Overview

Pre-operative Aqueous Antiseptic Skin Solutions in Open Fractures

Status:
Active, not recruiting

Trial end date:
2022-12-01

Target enrollment:
0

Participant gender:
All

Summary

The prevention of infection is the single most important goal influencing peri-operative care of patients with open fractures. Standard practice in the management of open fractures includes sterile technique and pre-operative skin preparation with an antiseptic solution. The available solutions kill bacteria and decrease the quantity of native skin flora, thereby decreasing surgical site infection (SSI). While there is extensive guidance on specific procedures for prophylactic antibiotic use and standards for sterile technique, the evidence regarding the choice of antiseptic skin preparation solution is very limited for open fracture surgery.

Phase:

Phase 4

Accepts Healthy Volunteers?

Details

Lead Sponsor:

University of Maryland
University of Maryland, Baltimore

Collaborators:

McMaster University
United States Department of Defense

Treatments:

Anti-Infective Agents, Local
Cadexomer iodine
Chlorhexidine
Chlorhexidine gluconate
Iodine
Pharmaceutical Solutions
Povidone
Povidone-Iodine

Criteria

The inclusion criteria are:

1. Patients 18 years of age or older.

2. Open fracture of the appendicular skeleton.

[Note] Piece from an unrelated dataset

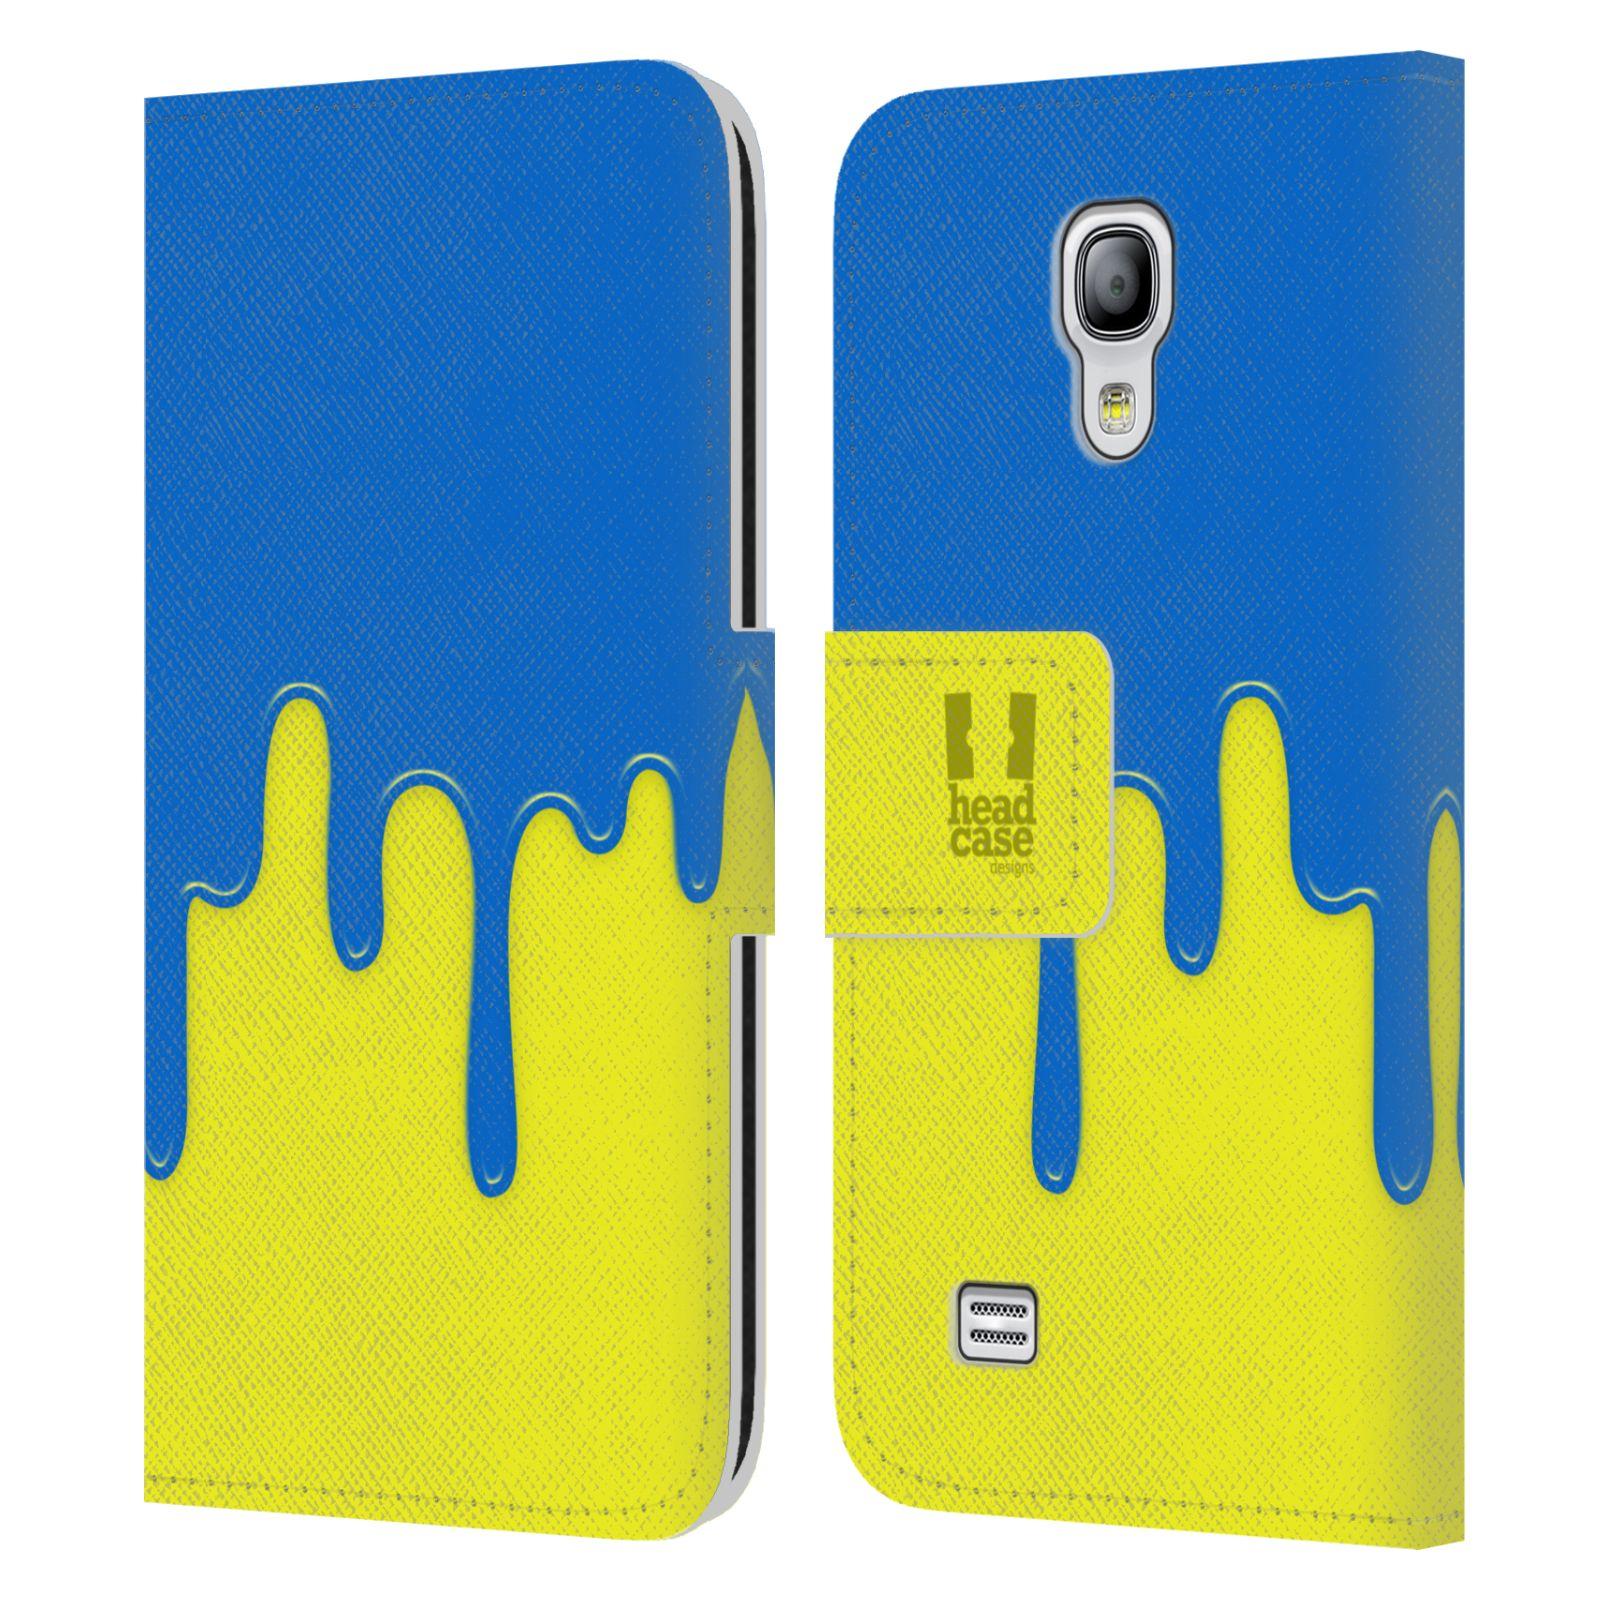 HEAD CASE Flipové pouzdro pro mobil Samsung Galaxy S4 MINI / S4 MINI DUOS Rozlitá barva modrá a žlutá

3. Received or will receive definitive fracture treatment with a surgical implant(s)
(e.g., internal fixation, external fixation, joint prosthesis, etc.).

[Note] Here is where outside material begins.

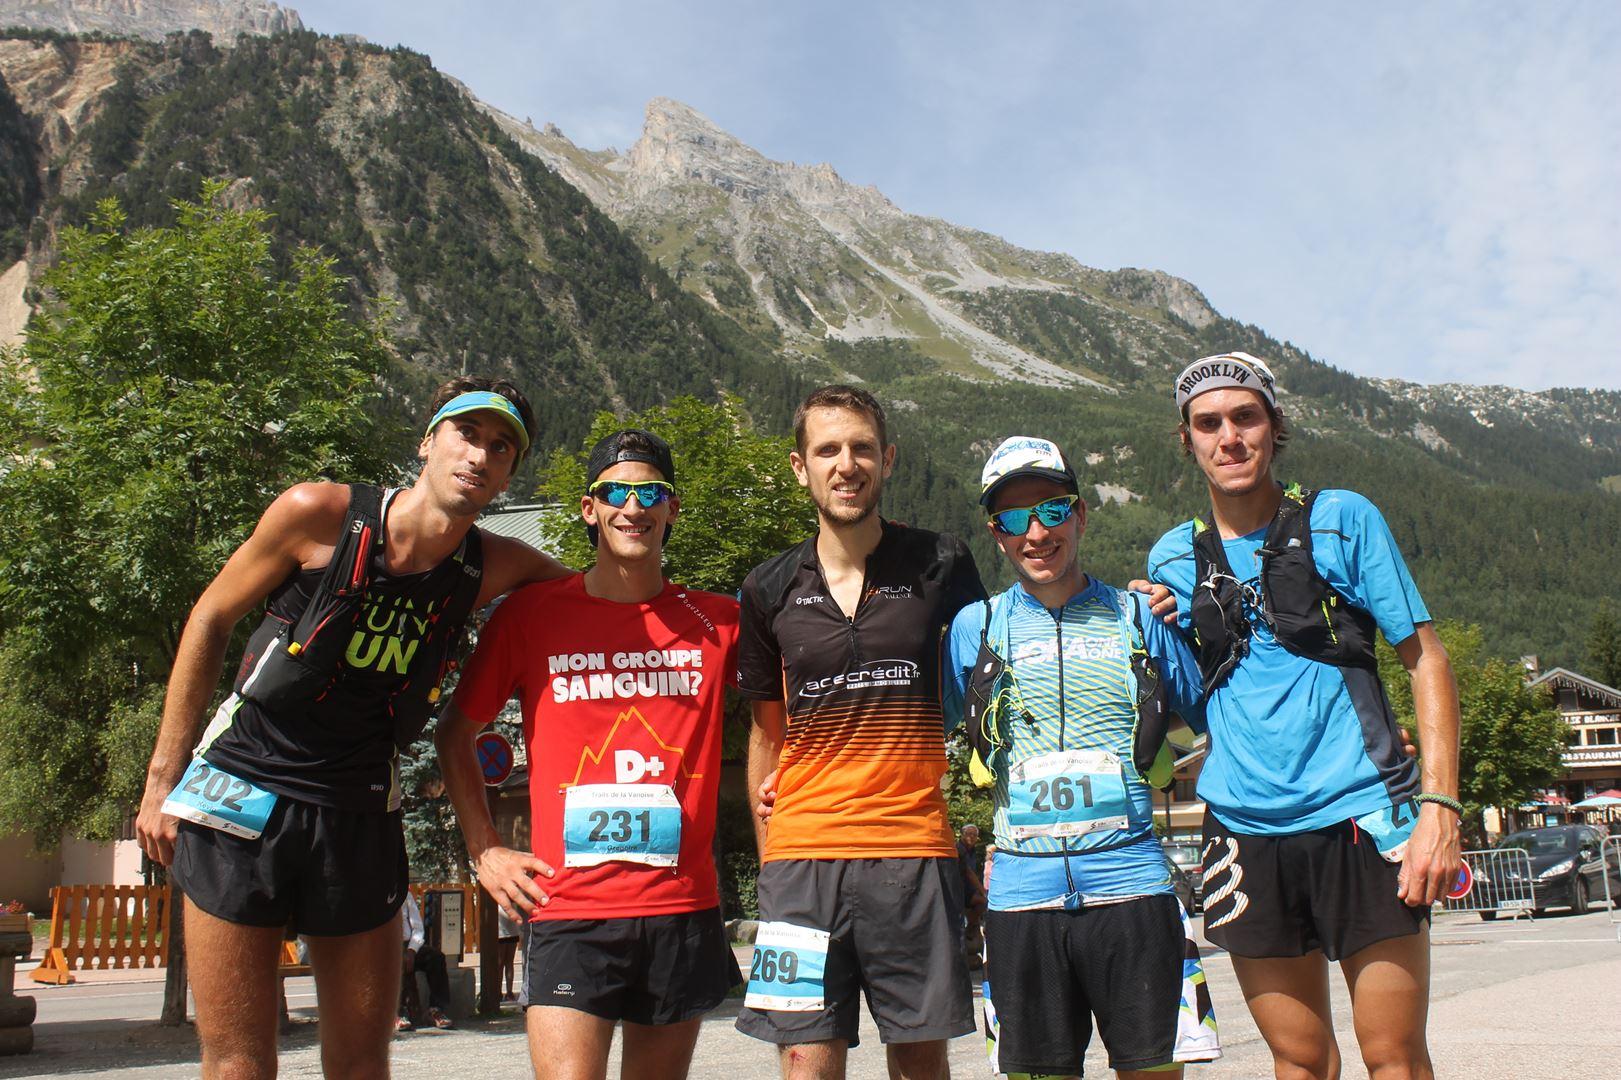 les 5 premiers hommes du 24km - RESULTATS ET COMPTE RENDU DU TOUR DE LA GRANDE CASSE 27-08-2017 (PRALOGNAN-LA-VANOISE 73)

4. Open fracture wound management that includes formal surgical debridement within 72
hours of their injury.

5. Will have all planned fracture care surgeries performed by a participating surgeon or
delegate.

6. Informed consent obtained.

7. Patient enrolled within 3 weeks of their fracture.

The exclusion criteria are:

1. Patients that did not or will not receive the allocated pre-operative surgical
preparation solution due to a medical contraindication.

2. Received previous surgical debridement or management of their open fracture at a
non-participating hospital or clinic.

3. Open fracture managed outside of the participating orthopaedic service (e.g., hand
fracture managed by plastic surgeon).

4. Chronic or acute infection at or near the fracture site at the time of initial
fracture surgery.

5. Burns at the fracture site.

6. Incarceration.

7. Expected injury survival of less than 90 days.

8. Terminal illness with expected survival less than 90 days.

9. Previous enrollment in a PREP-IT trial.

10. Currently enrolled in a study that does not permit co-enrollment.

11. Unable to obtain informed consent due to language barriers.

12. Likely problems, in the judgment of study personnel, with maintaining follow-up with
the patient.

13. Excluded due to sampling strategy.